» What to do
Only the stretch of the listing below that runs from the line with "Гдз по русскому за 9 класс на телефон" through the line with "终版-风云百享活动长图.png" is to be printed, exactly and with both ends.

» Material for the task
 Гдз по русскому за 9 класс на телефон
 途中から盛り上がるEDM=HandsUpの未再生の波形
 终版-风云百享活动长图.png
---
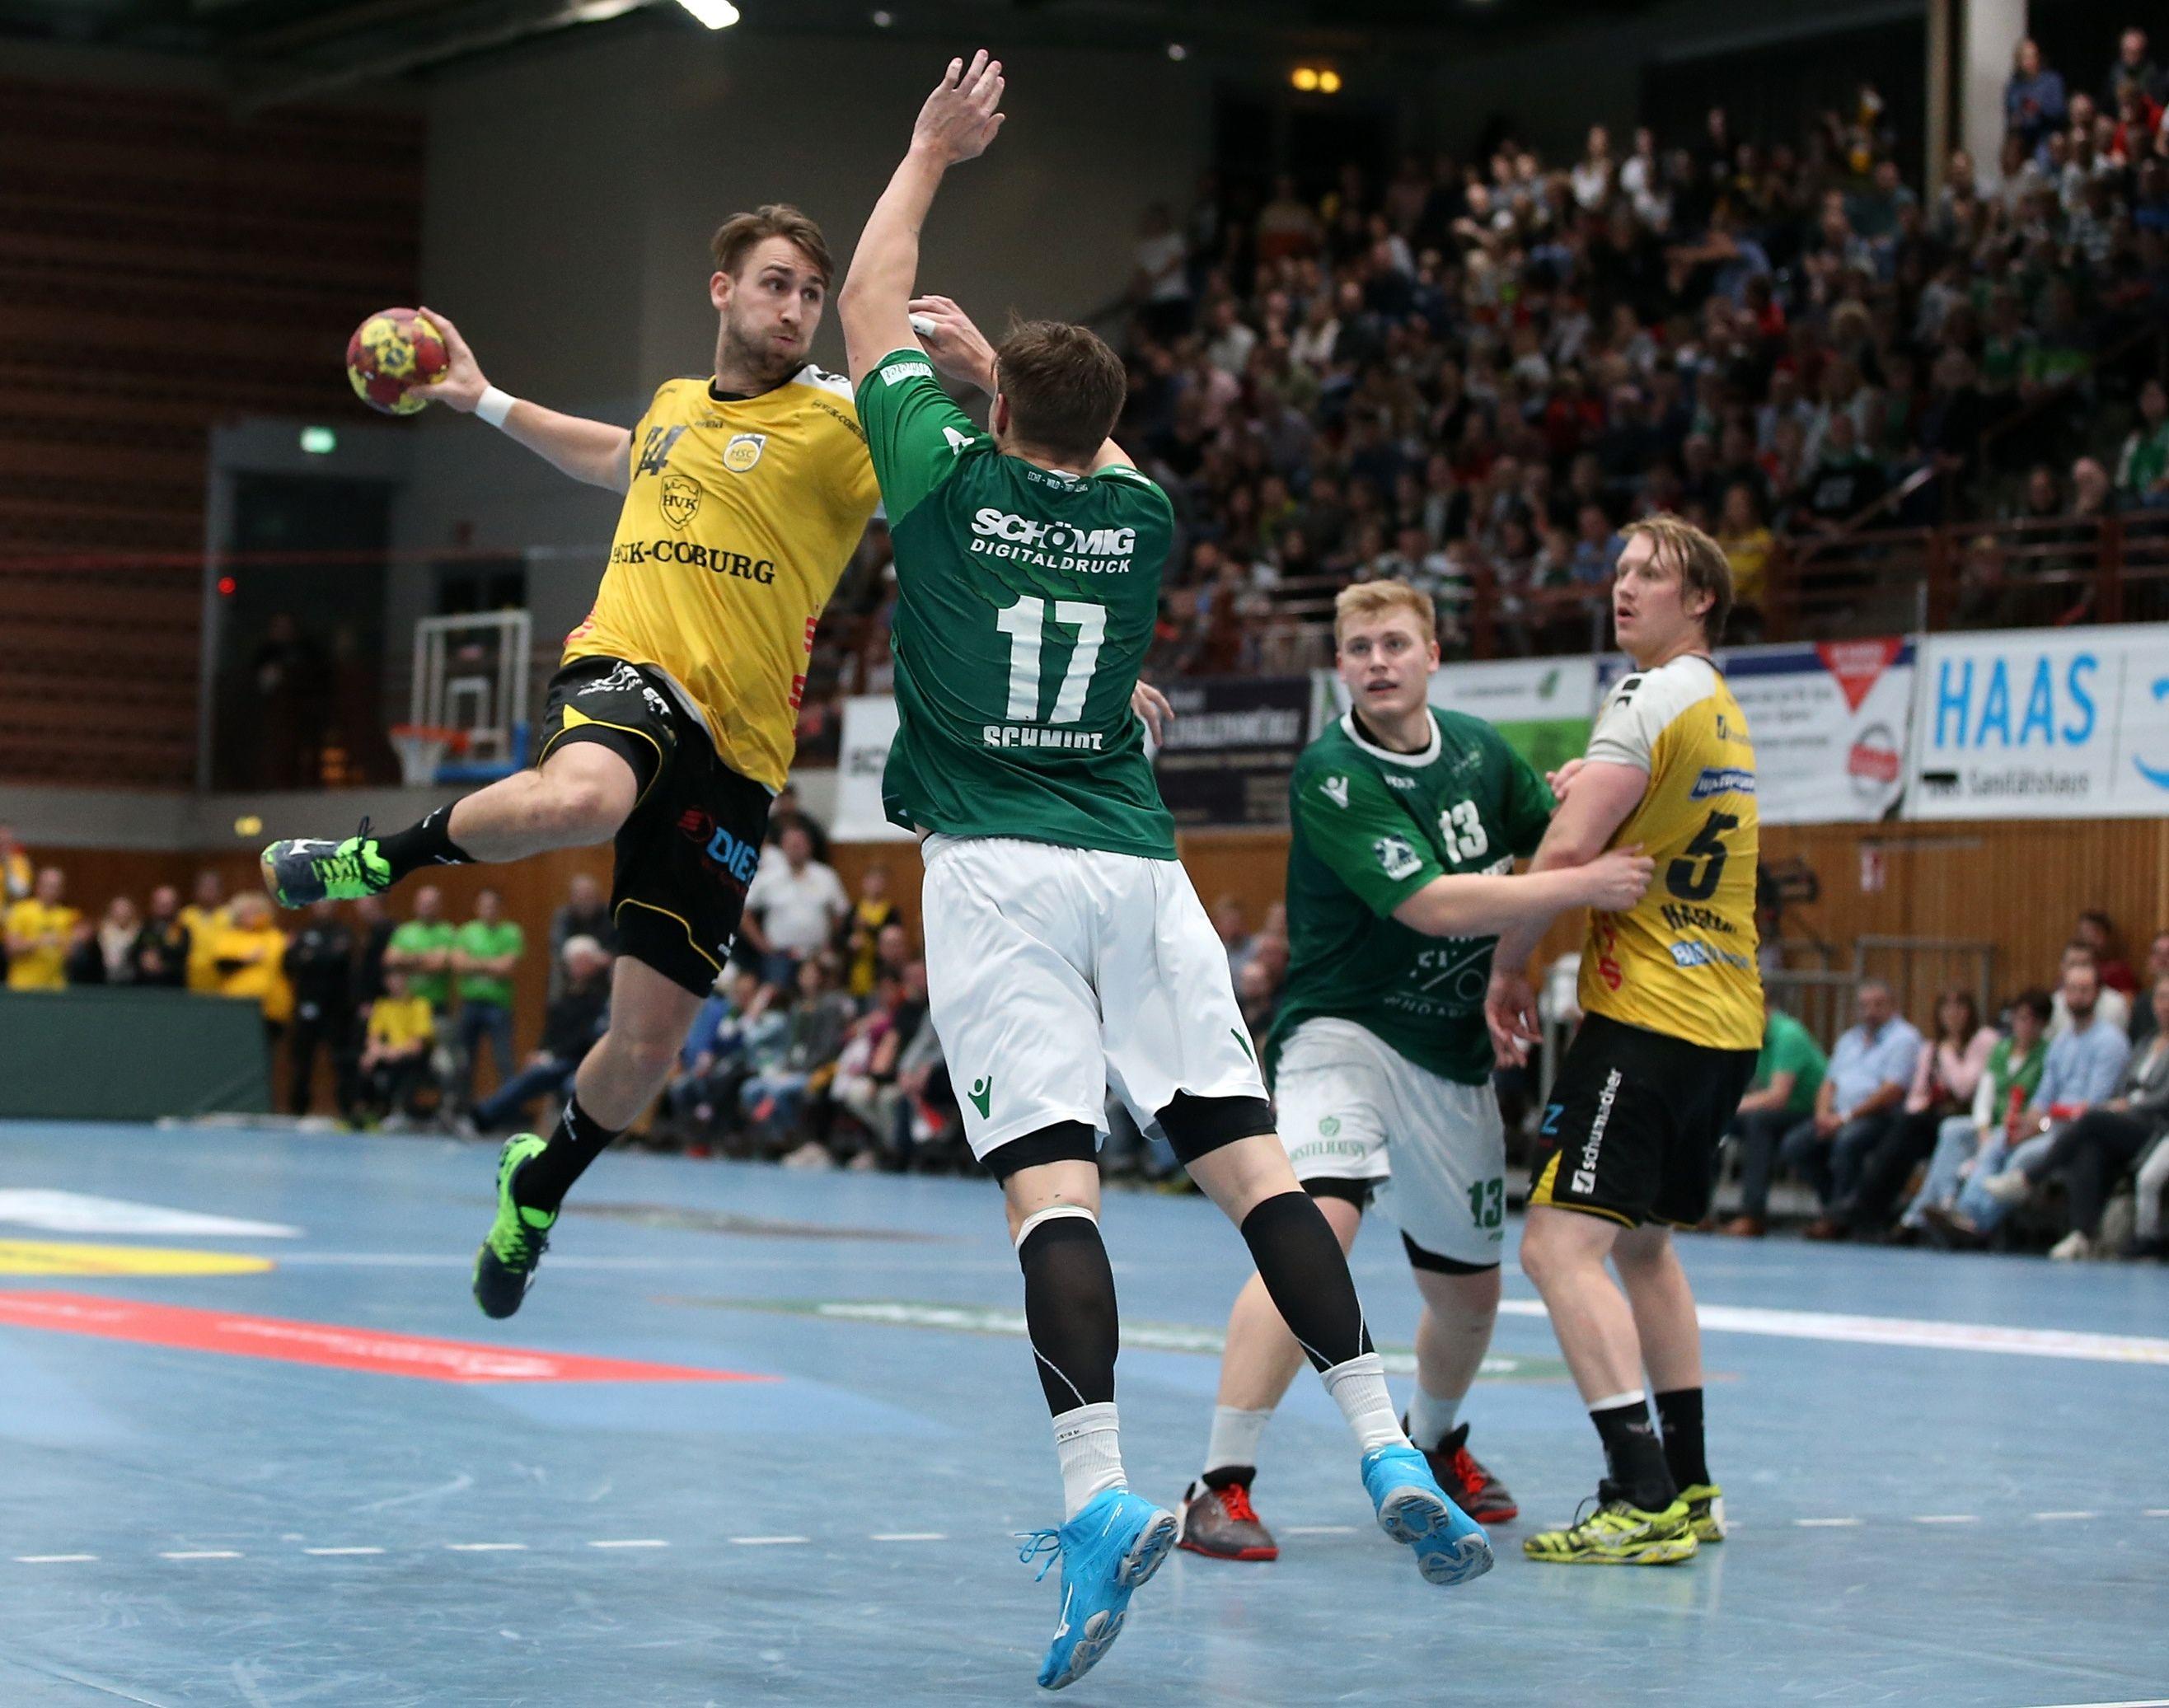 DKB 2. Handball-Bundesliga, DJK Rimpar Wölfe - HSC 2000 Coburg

» Task result
 Гдз по русскому за 9 класс на телефон
 途中から盛り上がるEDM=HandsUpの未再生の波形
 终版-风云百享活动长图.png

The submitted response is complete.